▸ **The problem**
Exclude images; transcribe the rest of the data exactly.

▸ **Provided data**
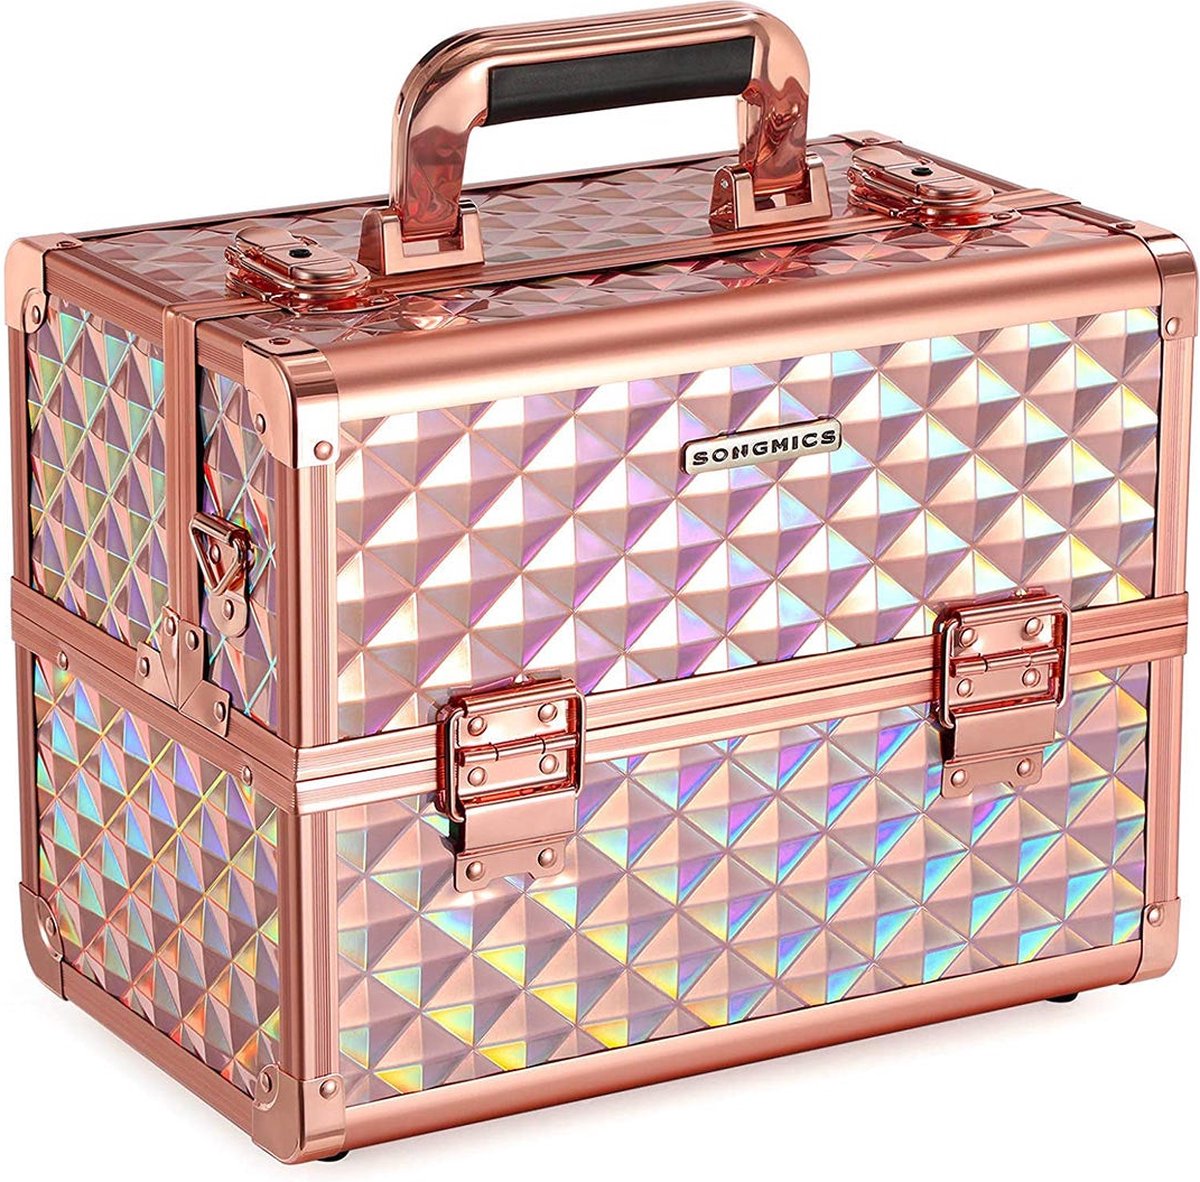 Beautycase - Make-up koffer - Opbergruimte voor make-up - Organizer - Metallic rosé
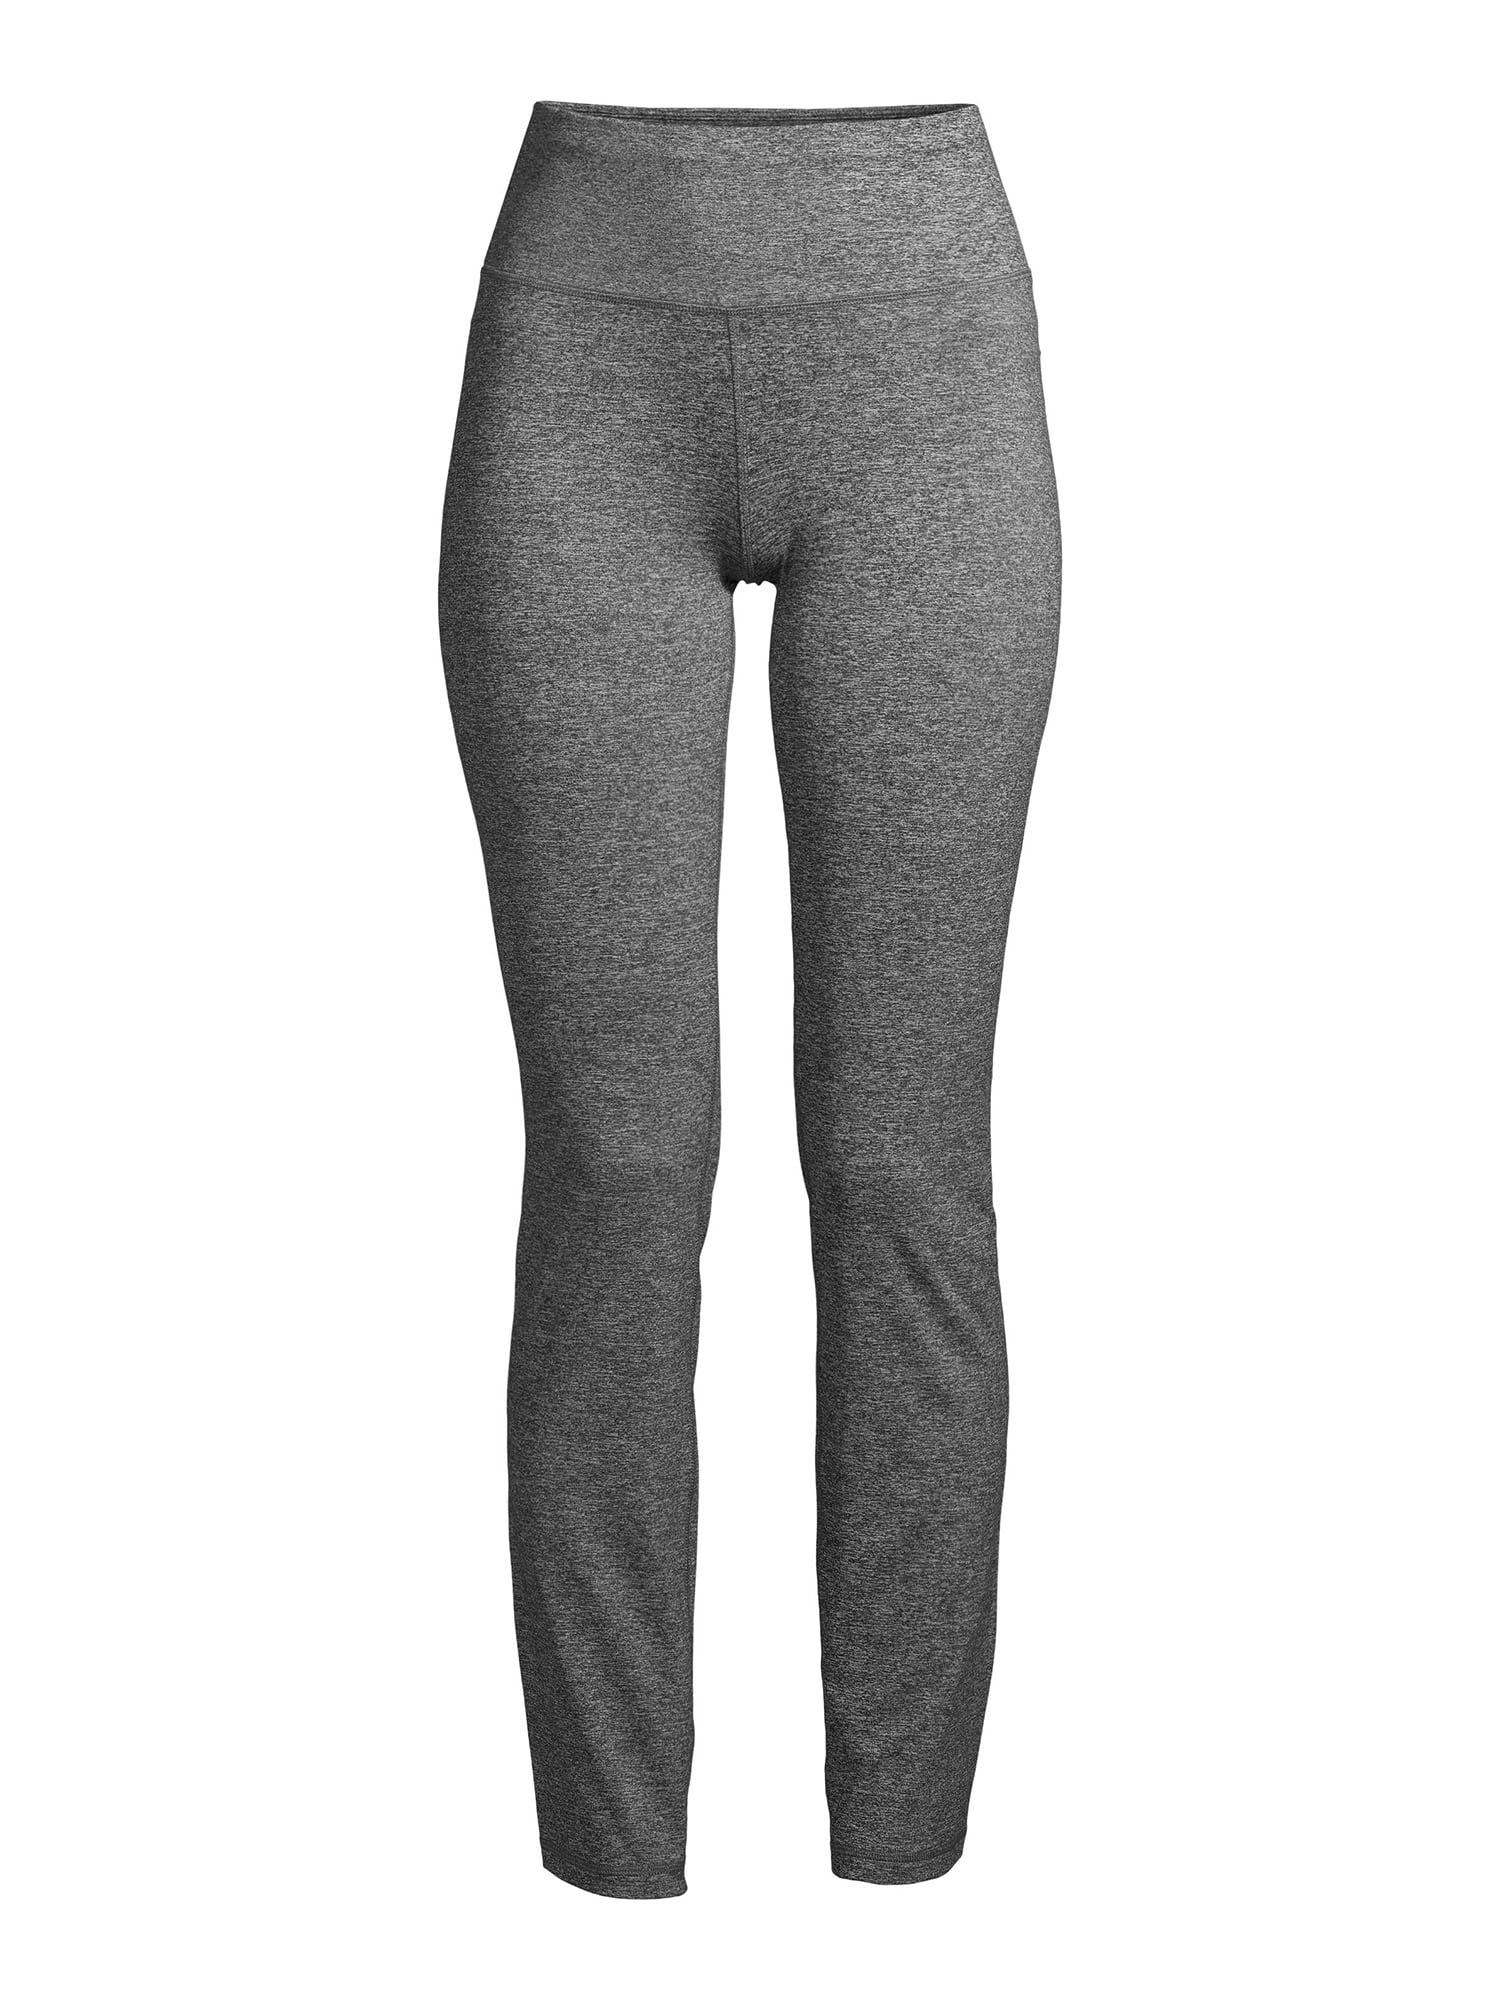 Avia Activewear Women's Skinny Pants (Medium 8/10, Black) : :  Fashion
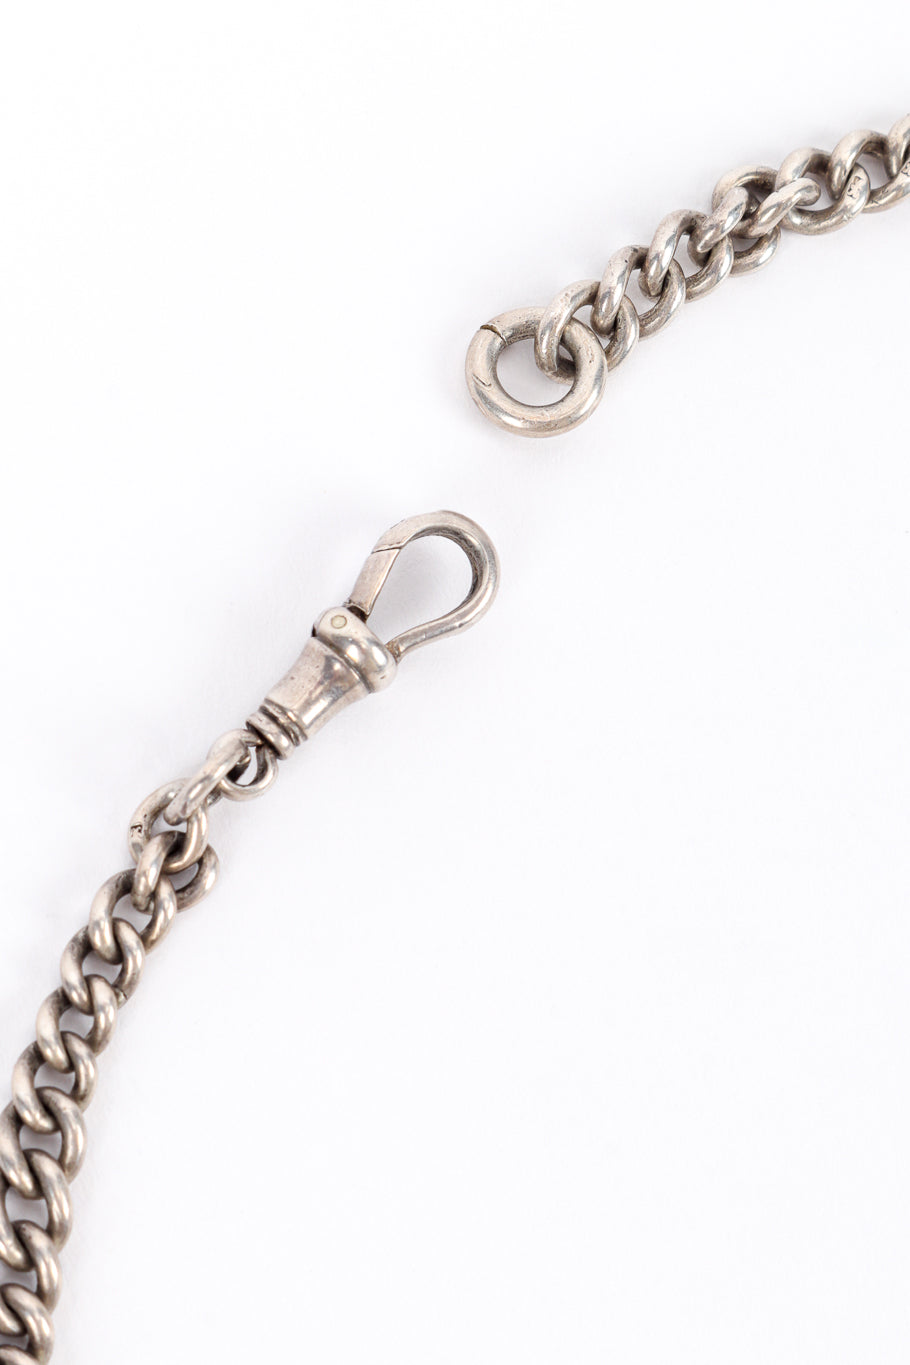 Vintage Sterling Albert Chain Crest Necklace dog clasp unhooked closeup @recess la
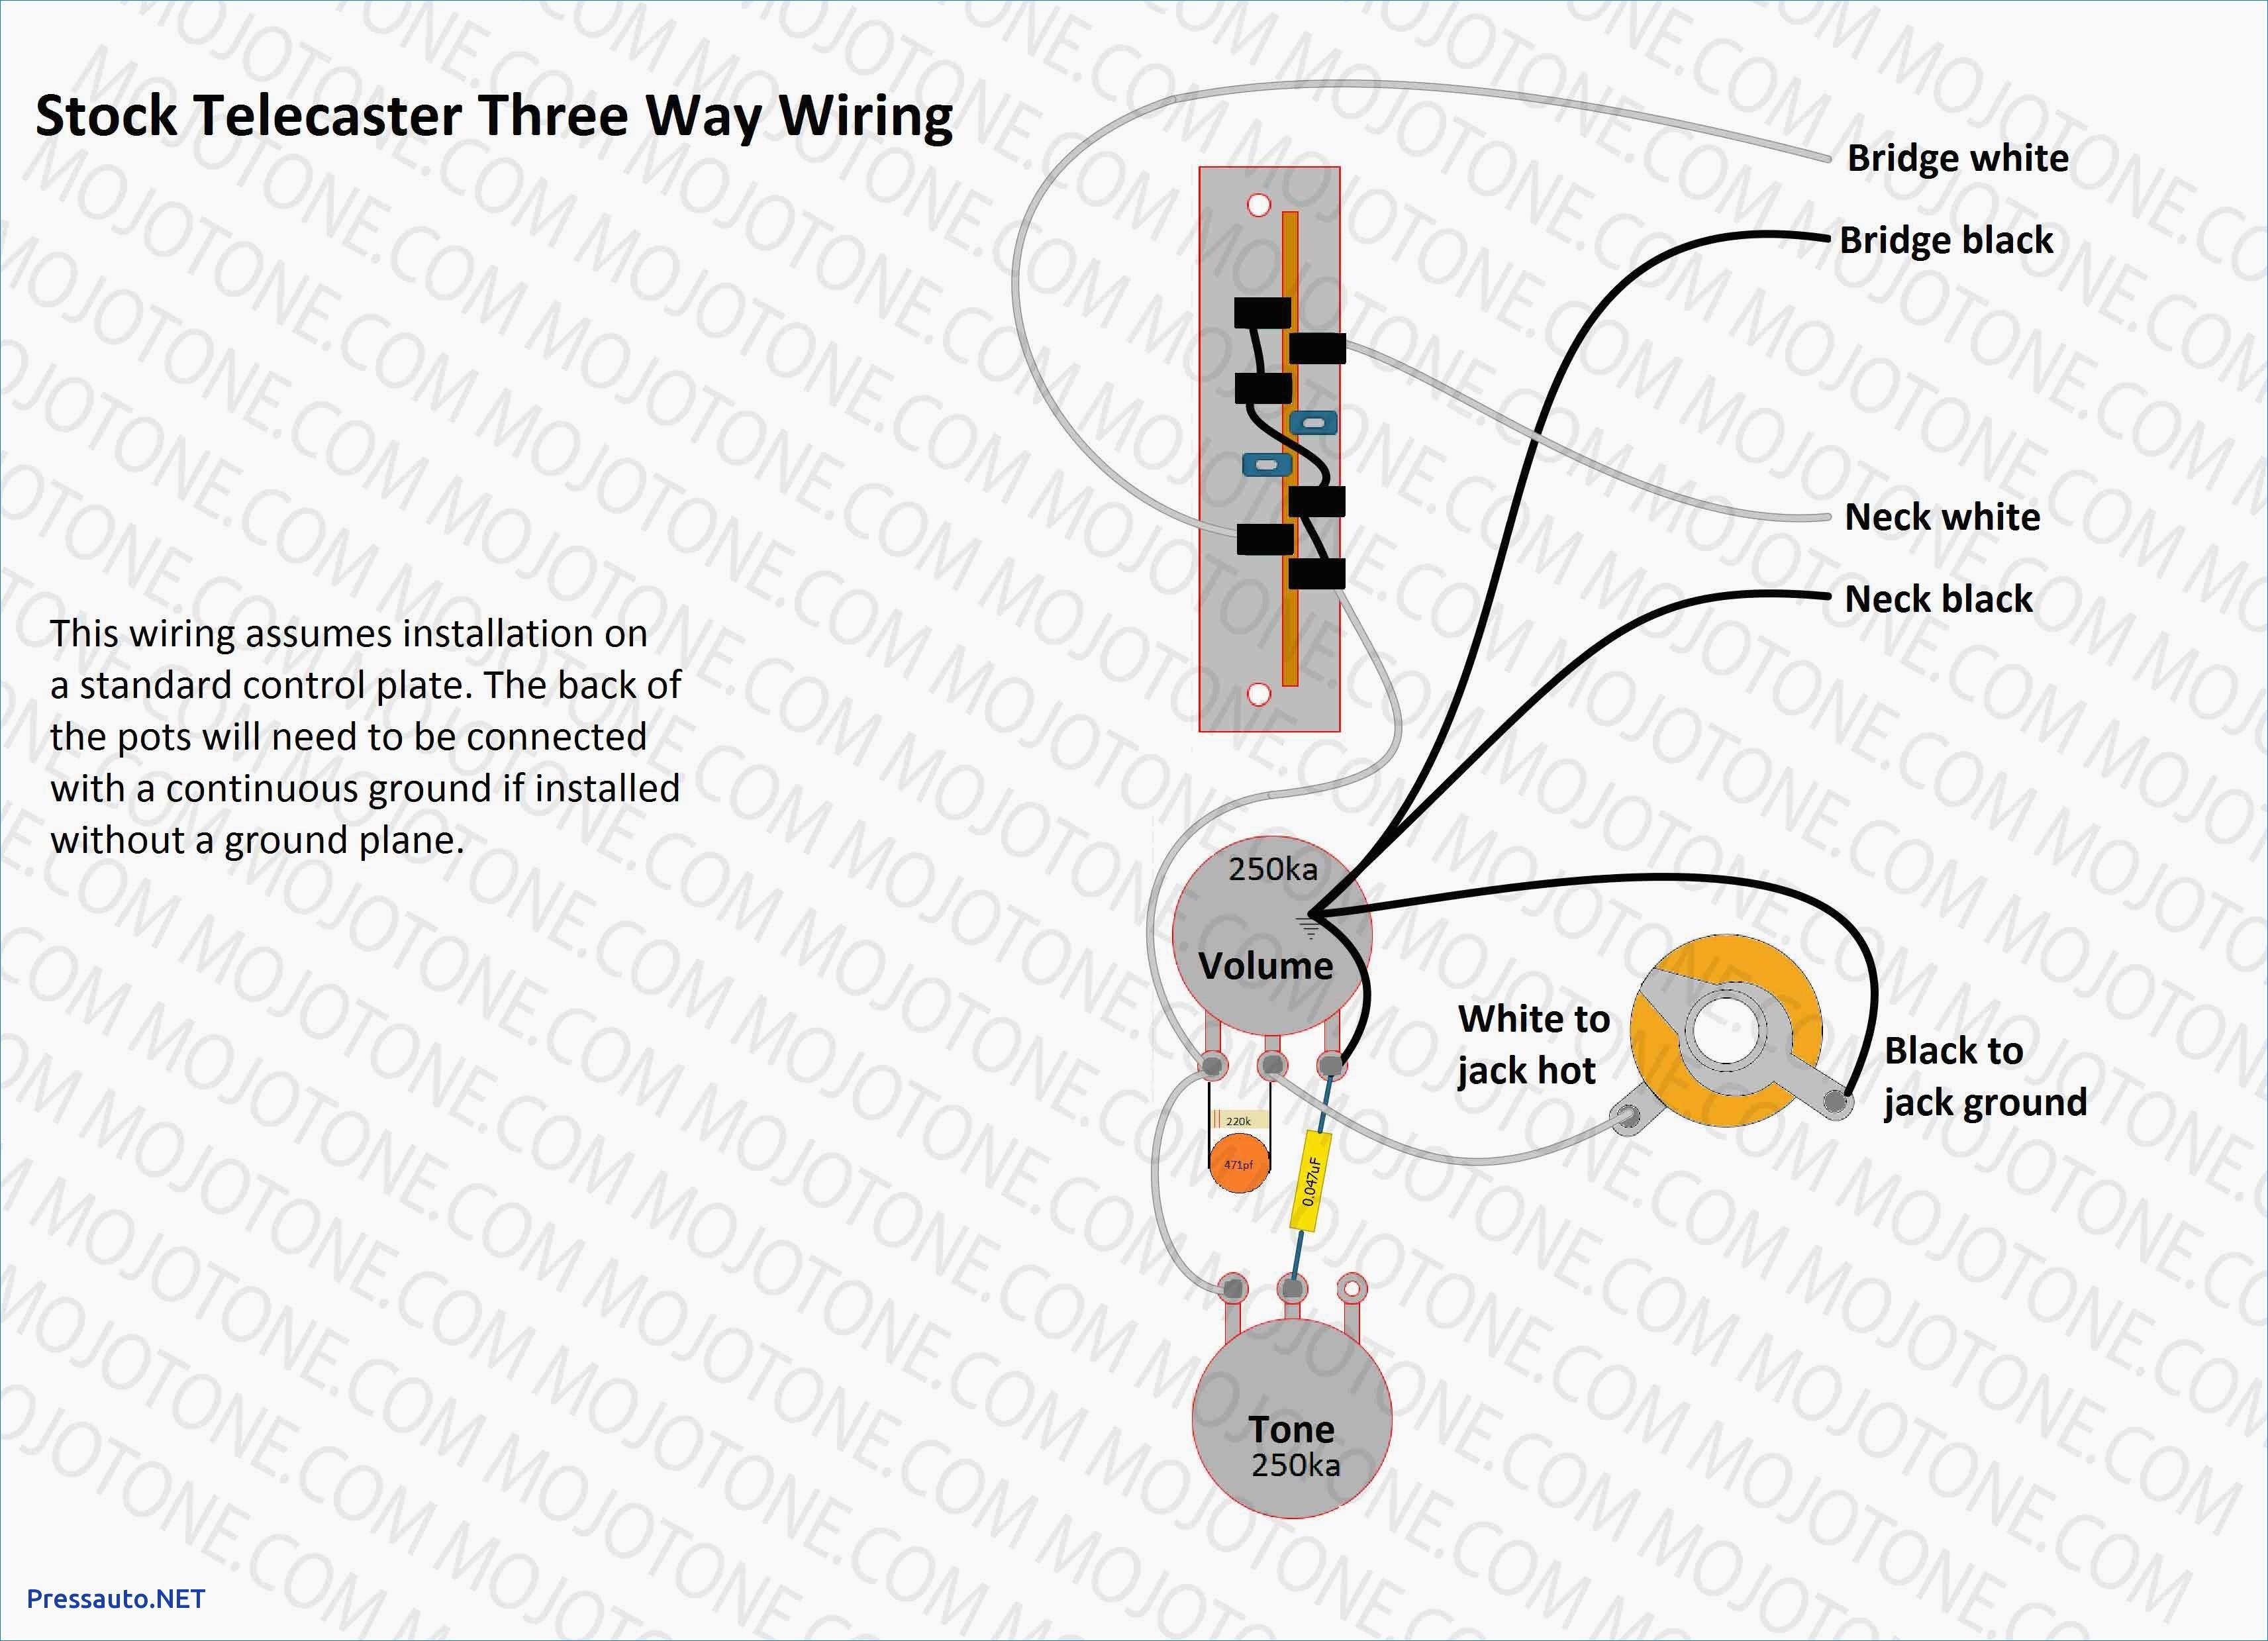 5 Way Switch Wiring Diagram New Wiring Diagram 5 Way Switch Pre Wired Tele Standard 3

▸ **Answer section**
 Beautycase - Make-up koffer - Opbergruimte voor make-up - Organizer - Metallic rosé
 Avia Activewear Women's Skinny Pants (Medium 8/10, Black) : :  Fashion
 Vintage Sterling Albert Chain Crest Necklace dog clasp unhooked closeup @recess la
 5 Way Switch Wiring Diagram New Wiring Diagram 5 Way Switch Pre Wired Tele Standard 3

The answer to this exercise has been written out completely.